For the opposite inclusion, let \(w \in \mathcal L(r^*)\). Then by definition, there are \(u_1,\dots, u_k \in \mathcal L(r)\) such that \(w = u_1\cdots u_k\). By the induction hypothesis, there is a path of the form \(\text{(***)}\) satisfying \(\text{(**)}\) above, so by definition of \(\mathcal A_{Ant}\), we find \(w \in \mathcal L(\mathcal A_{Ant}, r^*)\). This shows that \(\mathcal L(\mathcal A_{Ant}, r^*) \supseteq \mathcal L(r^*)\)
Now, for the induction steps, suppose that \(r, r_1,r_2 \in S\).
- (Induction Step 1) Every regular expression reachable from \(r_1 + r_2\) in \(\mathcal A_{Ant}\) is reachable from either \(r_1\) or \(r_2\). This means that \[\begin{aligned} \#(r_1 + r_2) &\le |\{r_1 + r_2\} \cup \{s \mid r_1 \to \cdots \to s \} \cup \{s \mid r_2 \to \cdots \to s \}| \\ &\le 1 + \#(r_1) + \#(r_2) \end{aligned}\] Since \(r_1,r_2 \in S\), \(\#(r_1) + \#(r_2)\) is finite. Therefore, \(\#(r_1 + r_2)\) is finite, so \(r_1 + r_2 \in S\). So far, \(\#(r)\) has risen to the order of \(O(\frac12 n) + O(\frac12 n) = O(n)\).
- (Induction Step 2) Every regular expression \(p \in \mathit{RExp}\) reachable from \(r_1 \cdot r_2\) in \(\mathcal A_{Ant}\) is of one of two forms: either \(p = s \cdot r_2\) where \(s\) is reachable from \(r_1\), or \(p = \varepsilon \cdot s\) where \(s\) is reachable from \(r_2\). Counting these up, we again see that \[\begin{aligned} \#(r_1 \cdot r_2) &\le |\{r_1 \cdot r_2\} \cup \{s \cdot r_2 \mid r_1 \to \cdots \to s \} \\ &\hspace{4em}\cup \{\varepsilon s \mid r_1 \to \cdots \to q \in F \text{ and } r_2 \to \cdots \to s \}| \\ &\le 1 + |\{s \mid r_1 \to \cdots \to s \} \\ &\hspace{4em}\cup \{s \mid r_2 \to \cdots \to s \}| \\ &\le 1 + \#(r_1) + \#(r_2) \end{aligned}\] Since \(r_1,r_2 \in S\), \(\#(r_1) + \#(r_2)\) is finite. Therefore, \(\#(r_1 \cdot r_2)\) is finite, so \(r_1 \cdot r_2 \in S\). So far, \(\#(r)\) has risen to the order of \(O(\frac12 n) + O(\frac12 n) = O(n)\).
- (Induction Step 3) Every regular expression \(p \in \mathit{RExp}\) reachable from \(r^*\) is of the form \(p = s \cdot r^*\) for some \(s\) reachable from \(r\). Therefore, \[\begin{aligned} \#(r^*) &\le |\{r^*\} \cup \{s \cdot r^* \mid r \to \cdots \to s \}| \\ &\le 1 + |\{s \mid r \to \cdots \to s \}| \\ &\le 1 + \#(r) \end{aligned}\] Since \(r \in S\), \(\#(r)\) is finite. Therefore, \(\#(r^*)\) is finite, so \(r^* \in S\). So far, \(\#(r)\) has risen to the order of \(O(n)\).
Part of what is really nice about the Antimirov automaton is that the \(O(n)\) bound on the number of states shows us that these automata are relatively small.
- Name three different words \(w_0,w_1,w_1 \in A^*\) that are not in \(\mathcal L(r)\), i.e., \(w_0,w_1,w_2 \notin \mathcal L(r)\).
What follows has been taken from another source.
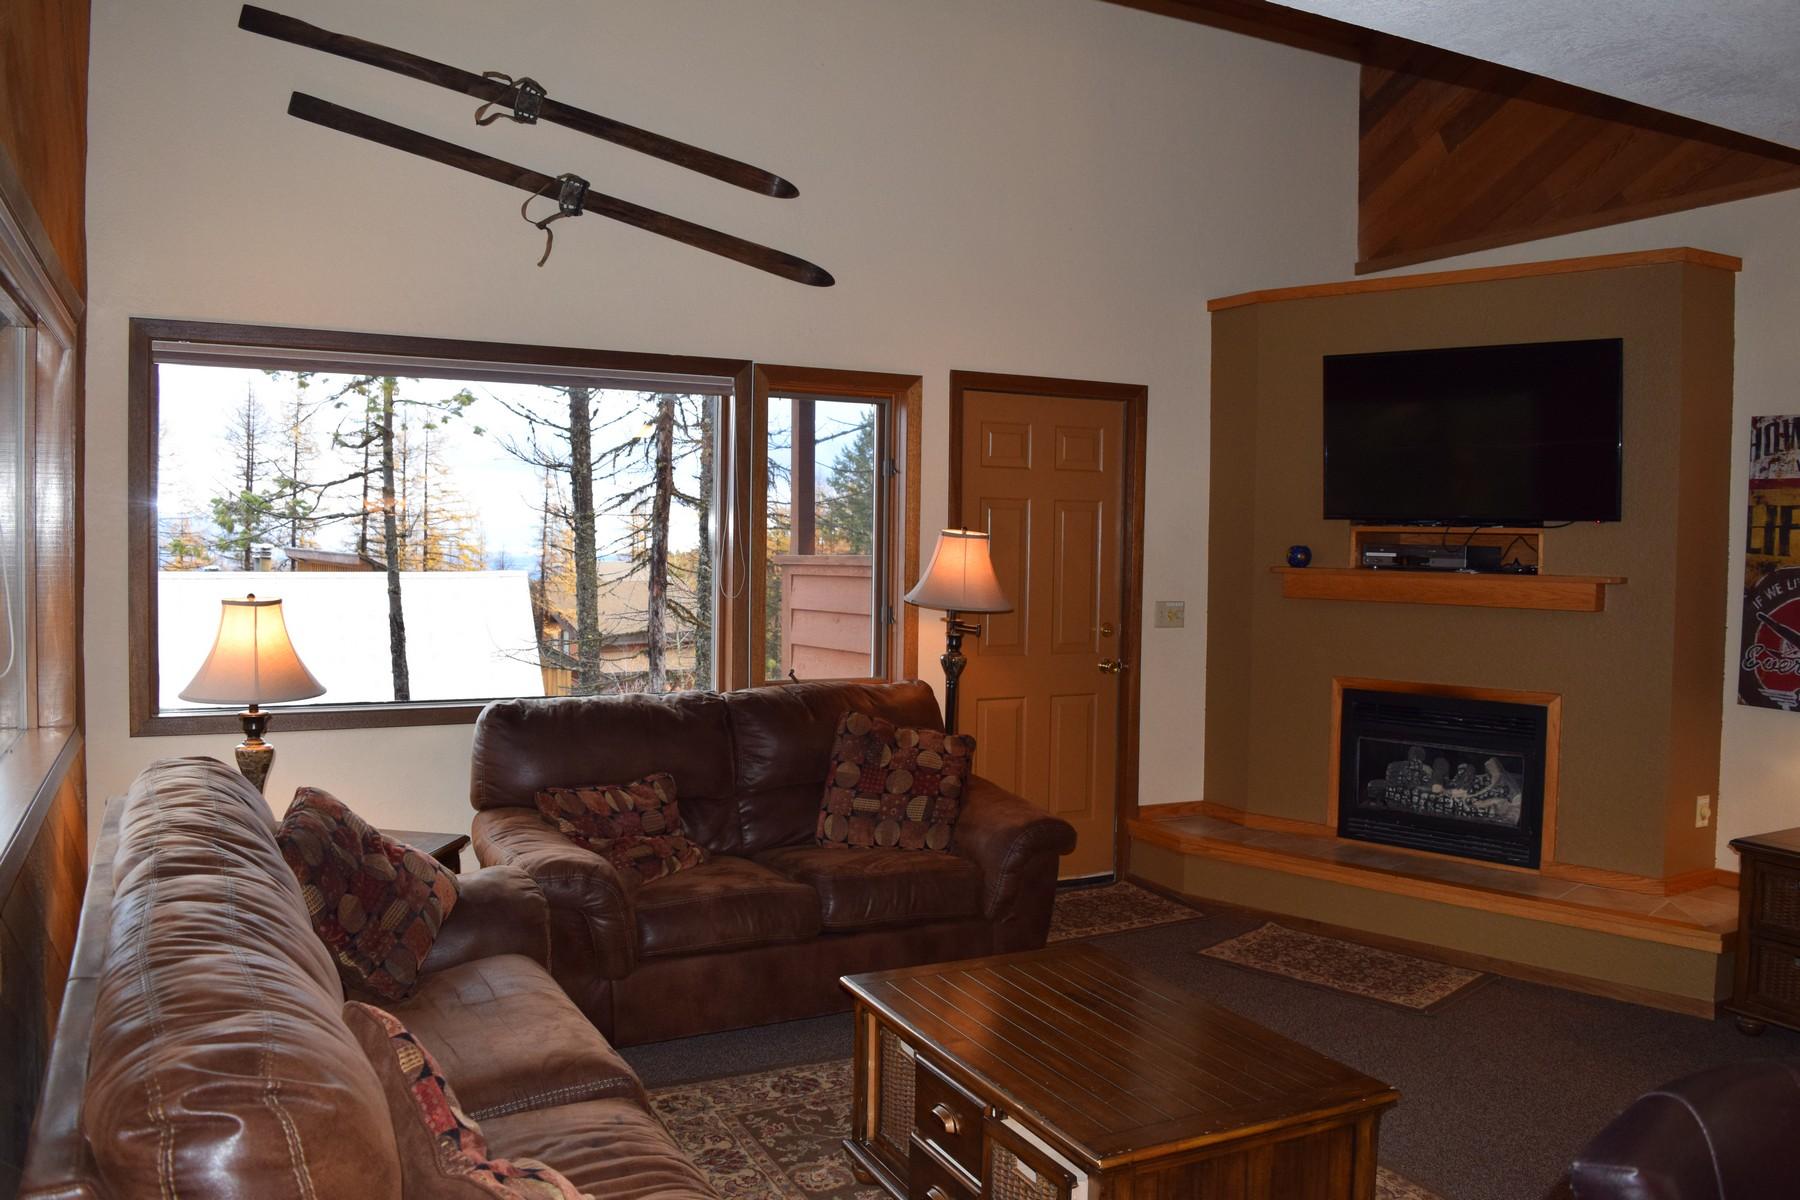 Additional photo for property listing at 3858 Winter Lane, Lotus C3, Whitefish, MT 59937 3858  Winter Ln Lotus C3 Whitefish, Montana 59937 United States

- Use the inequalities in the proof of the Linear Bound on Antimirov Derivatives Lemma to determine an upper bound on the number of states in the automaton \(\langle r\rangle_{\mathcal A_{Ant}}\) generated by \(r\) in \(\mathcal A_{Ant}\), i.e., \(\#(r)\).
- Now draw a state diagram of \(\langle r\rangle_{\mathcal A_{Ant}}\).
- How many formation rules were used to form the regular expression \(r\)? How does this number of formation rules compare to the number of states in \(\langle r\rangle_{\mathcal A_{Ant}}\)?